For all mailboxes in organization:
powershell

Get-Mailbox -ResultSize Unlimited -Filter "RecipientTypeDetails -eq 'UserMailbox'" | Set-Mailbox -LitigationHoldEnabled $true -LitigationHoldDuration 365

How Litigation Hold Works


Understanding the workflow helps administrators manage the feature effectively:
  1. Normal deletion: When users delete items (Shift+Delete or empty Deleted Items), items move to the Deletions subfolder in Recoverable Items
  2. Retention policies: Deletion policies move expired items to the Deletions subfolder
  3. Purge process: When users purge items or retention expires, items move to the Purges subfolder
  4. Litigation Hold protection: Items in the Purges subfolder are preserved for the configured hold duration
  5. Final deletion: Only after the hold duration expires (or hold is removed) are items permanently deleted by the Managed Folder Assistant

Archive Mailbox Consideration


When you place a user's primary mailbox on Litigation Hold, the archive mailbox is automatically placed on hold as well. This ensures complete preservation of all user communications.

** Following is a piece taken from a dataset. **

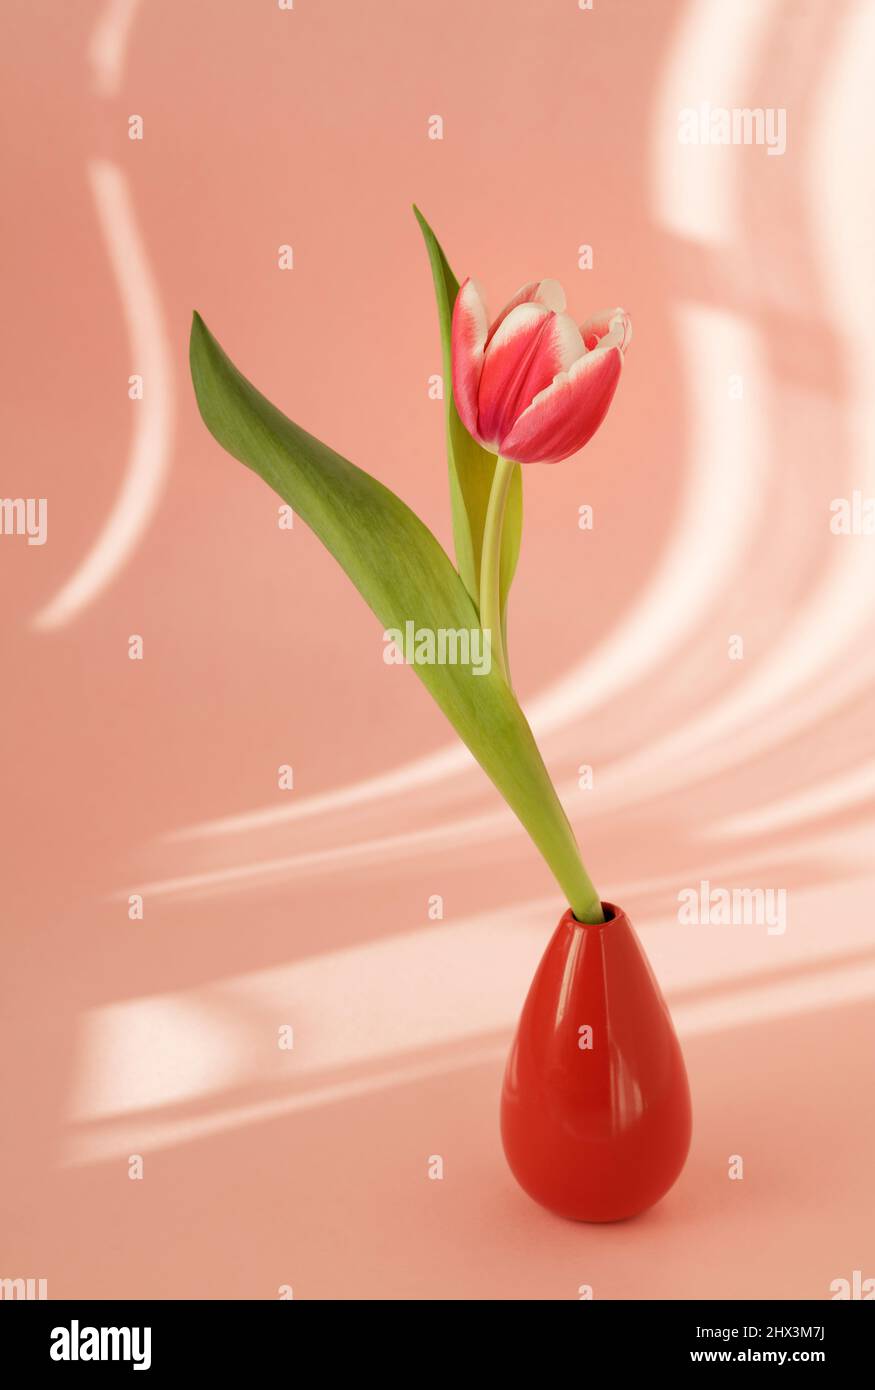 Tulipán rojo único con sombras de cortinas sobre fondo rosa Foto de stock

Enterprise-Wide Implementation Best Practices


Organizations implementing Litigation Hold across all mailboxes should consider:

Scalability Challenges


- New mailboxes: The hold command only affects existing mailboxes. Run the command regularly or as a scheduled task to include new mailboxes
- Storage planning: Plan for adequate storage in Exchange 2016/2019 environments, as preservation significantly impacts mailbox sizes
- Monitoring: Use Get-MailboxFolderStatistics cmdlet to track Recoverable Items folder growth

Targeted Holds


Instead of holding all mailboxes, organizations can use recipient filters to target specific groups:

By department:
powershell

Get-Recipient -RecipientTypeDetails UserMailbox -ResultSize unlimited -Filter 'Department -eq "HR"'


By location:
powershell

Get-Recipient -RecipientTypeDetails UserMailbox -ResultSize unlimited -Filter 'PostalCode -eq "98052"'


By custom attribute:
powershell

Get-Mailbox -RecipientTypeDetails UserMailbox -ResultSize unlimited -Filter 'CustomAttribute15 -eq "OneYearLitigationHold"'

Verification and Management

Verify Litigation Hold Status


Via EAC:
- Navigate to the mailbox properties
- Click Mailbox features
- Check Litigation hold status
- Click View details for hold configuration and history

Via PowerShell:
powershell

Get-Mailbox | Format-List LitigationHold*

Remove Litigation Hold


When legal requirements no longer apply:
powershell

Set-Mailbox [email protected] -LitigationHoldEnabled $false

Compliance and Legal Considerations


Litigation Hold is essential for organizations that need to:

- Comply with legal discovery requests
- Meet regulatory compliance requirements
- Preserve evidence for litigation
- Maintain audit trails of electronic communications

The feature ensures that even if users delete items or modify messages, the original content remains available for eDiscovery searches and legal review.

Conclusion


Litigation Hold is a critical feature for organizations with legal preservation requirements. While the feature is powerful and comprehensive, it requires careful planning around storage capacity, ongoing monitoring, and clear processes for when holds should be applied and removed.

By understanding how Litigation Hold works and following Microsoft's best practices, organizations can ensure they meet their legal obligations while managing the operational impact on their Exchange environment.